Sometimes the individual author (or authors) of the code assign it.
Sometimes a company assigns copyright on its employees' writings. The
result is the same: The FSF gets the copyright.
There is an alternative to copyright assignment: instead of assigning
the copyright, the author can disclaim copyright on that material.
That means the material is effectively in the public domain. This
achieves the first and third of those purposes described above, but
not the second. It could weaken our copyright claim if it happened for
a large part of the program, but it's no problem if this occurs only
for a small part of the program.
Another alternative is to give the FSF an unlimited perpetual
nonexclusive license for the material. This is different from
disclaiming copyright in that the author continues to hold the
copyright, but, in practical terms, they are effectively equivalent:
Both achieve the first and third purpose but not the second.
We have preferences about these alternatives, which depend on the
situation, but we are flexible when possible.
The fourth purpose is to protect the community from the danger of
employers' surprise claims. What happens if J. R. Hacker contributes
some code, and we use it, all with good will and believing that to be
valid; but then Hacker's employer says, "That code belongs to us!
Hacker wrote it while on the job, working for us, so it's a 'work made
for hire.' You never had the right to distribute it, and we're going
to sue _all_ of you. Or maybe only some selected victims if that seems
advantageous."
The way we prevent this is by asking Hacker to get an employer
copyright disclaimer before contributing material. That way, Hacker's
employer will either sign, saying, "Ok, Hacker, you can contribute
your changes to that program," or refuse to sign, which warns Hacker
not to write contributions to that program while employed by that
employer. (We hope the employees of such companies find new, less
stingy employers soon.) This approach has saved us from a number of
messy situations, because some contributors asked their employers to
sign disclaimers and were refused. We could not use their code, but at
least everyone involved avoided getting in legal trouble.
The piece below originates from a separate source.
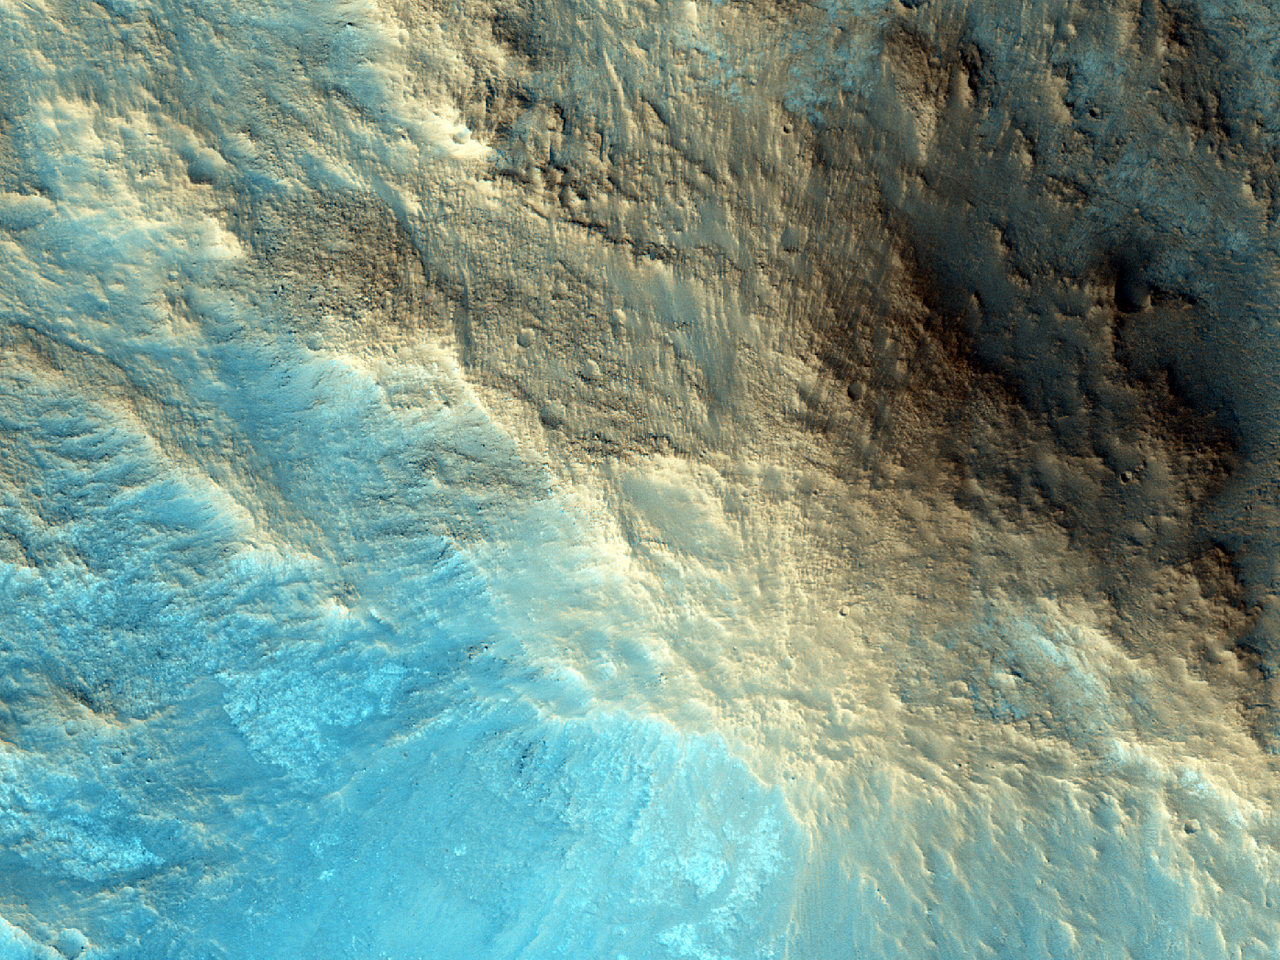 Centrale structuren van de Zuni krater
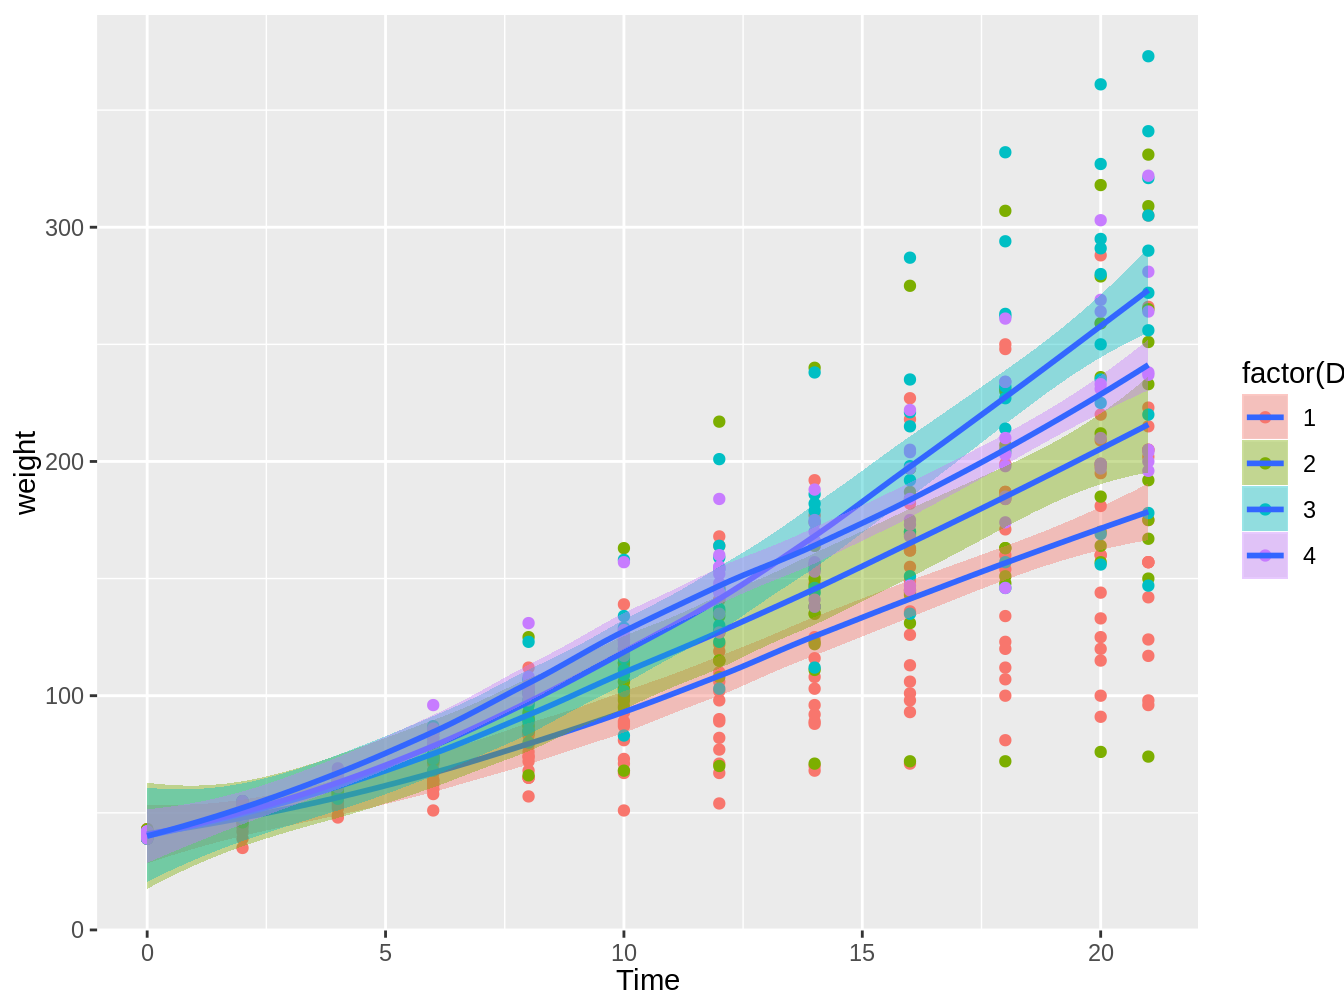 Gráfico en el cual vemos el peso de pollos en el tiempo, con colores distintos según el tipo de dieta, con líneas de tendencia e intervalos de confianza basados en el método loess

The employer disclaimer also deals with the employer's patents and
interface copyrights that might cover the contributor's code.
We don't need an employer disclaimer in every case. If an individual
says, "I am an independent contractor; no employer could have a claim
on this work," that's clear cut, so we don't ask for an employer
disclaimer from the nonexistent employer.
Sometimes there is no individual contributor, in a legal sense,
because the employer assigns the copyright. Legally, that's solid.
(It's good that some people get paid to contribute to free software.)
These four purposes are related in a complex way, and not all are
applicable to every contribution. But each one is clear in concept.
One purpose is to give us permission to use the code, another the
power to defend it, a third to relicense it. The fourth purpose is to
make sure no marauding employers have an opportunity to wreak havoc.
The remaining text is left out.